One of the things that's been bugging me about CeePlusPlus lately is inlining. Now, there's three ways to inline functions in C++.
So if, for some reason, you've decided that inlining is actually necessary for performance goals, how the heck do you make it AsFastAsCee? Do it in C, and throw away supposed advantages? Use the inline keyword, make sure your compiler currently respects it, and hope no one changes flags later (-O2 to -Os, in gcc, for example)? Or just use always_inline, which the compiler will respect and at least will cause a warning if someone changes the compiler such that it's not respected... but then you're no longer coding standard C++.
Thoughts?
-- AdamBerger
Newer compilers can also inline functions for us based on the complexity of the function and the type of optimization that is requested. For example, VC++.NET has a switch for inlining "any suitable" function. If whole program optimization is turned on as well, the compiler may choose to inline a function defined in a .cpp file that is part of a static library. This capability means that now we can define all of our functions in the .cpp file (reducing compile time dependencies). In addition, the compiler makes different decisions about what functions to inline if the optimizer is targeting fast code or small code.
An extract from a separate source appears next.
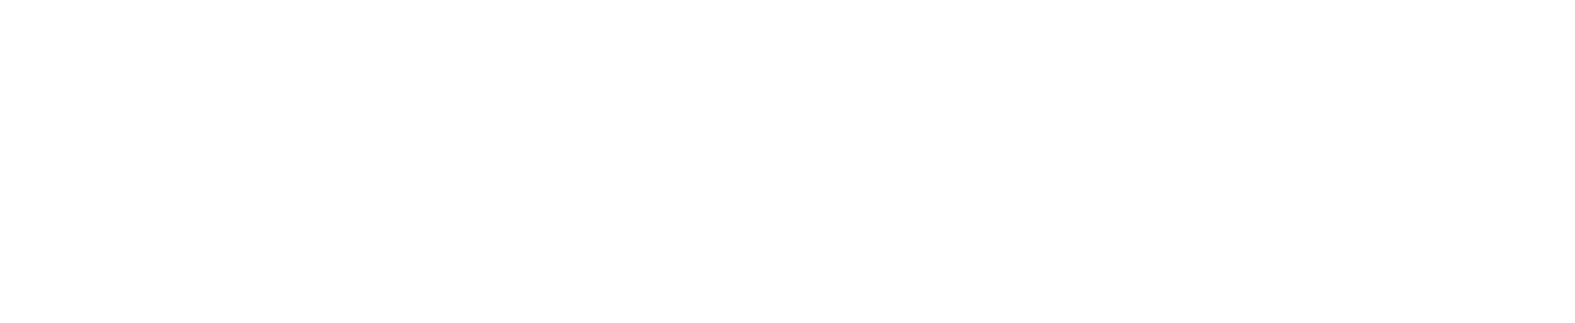 PagerDuty logo grand pour les fonds sombres (PNG transparent)

First, probably review both the actual performance measurements, the characteristics of the compiler, and lastly the code structure. For the cases I have ever bothered to look at, "inline" did exactly what it advertises doing, it put the code inline. I can only imagine inline not doing this for a fairly large code segment. If the code segment is large, the overhead added by a stack push and pop is probably not that great. In that case, then perhaps the application is running too close to the limits of the machine and a major code restructure to flatten the class hierarchy is needed. [Apologies if these are things you've already looked at.] --WayneMack
Well, the compiler generally will inline stuff with the "inline" keyword, as long as it's not too complex (or unsuitable for inlining; i.e. a recursive function). I've not personally had problems getting stuff inlined that I wanted to be inlined. Do you have a particular example in mind?
I'll second this. Compilers will generally refuse to inline recursive functions, which isn't too surprising. Use inline if you know what you are doing. If performance is that critical, you better make sure that no one tampers with optimization settings anyway.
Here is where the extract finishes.